### Exercise directions
Tell how many lines of the material below hold "free". The reply is that number alone.

### Material supplied
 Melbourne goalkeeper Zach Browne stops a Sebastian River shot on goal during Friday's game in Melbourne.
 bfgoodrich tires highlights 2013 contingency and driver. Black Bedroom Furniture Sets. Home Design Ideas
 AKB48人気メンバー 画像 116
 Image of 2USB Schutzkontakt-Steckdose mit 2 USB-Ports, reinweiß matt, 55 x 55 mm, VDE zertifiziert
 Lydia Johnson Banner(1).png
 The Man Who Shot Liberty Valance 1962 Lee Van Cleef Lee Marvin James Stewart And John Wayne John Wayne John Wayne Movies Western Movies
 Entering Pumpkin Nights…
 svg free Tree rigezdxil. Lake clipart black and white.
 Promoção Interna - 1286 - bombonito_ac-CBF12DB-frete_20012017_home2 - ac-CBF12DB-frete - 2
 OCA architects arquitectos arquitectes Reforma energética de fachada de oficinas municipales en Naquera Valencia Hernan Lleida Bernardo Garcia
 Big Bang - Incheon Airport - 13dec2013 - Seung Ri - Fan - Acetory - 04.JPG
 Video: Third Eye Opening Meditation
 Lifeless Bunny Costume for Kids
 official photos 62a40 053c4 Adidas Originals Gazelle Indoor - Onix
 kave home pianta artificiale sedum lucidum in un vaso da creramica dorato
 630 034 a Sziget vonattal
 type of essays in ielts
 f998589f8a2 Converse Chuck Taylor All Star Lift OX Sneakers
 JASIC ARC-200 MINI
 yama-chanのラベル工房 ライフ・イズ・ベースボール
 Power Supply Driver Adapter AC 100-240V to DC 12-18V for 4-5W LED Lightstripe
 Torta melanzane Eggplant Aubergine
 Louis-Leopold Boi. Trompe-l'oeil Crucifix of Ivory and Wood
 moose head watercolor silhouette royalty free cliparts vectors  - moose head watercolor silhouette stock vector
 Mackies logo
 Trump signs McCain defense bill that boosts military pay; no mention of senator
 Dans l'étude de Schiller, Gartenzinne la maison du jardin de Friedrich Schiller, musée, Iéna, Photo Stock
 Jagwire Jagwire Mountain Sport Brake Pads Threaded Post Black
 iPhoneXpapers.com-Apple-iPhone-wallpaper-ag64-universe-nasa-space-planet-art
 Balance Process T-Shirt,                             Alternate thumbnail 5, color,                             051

### Solution below
2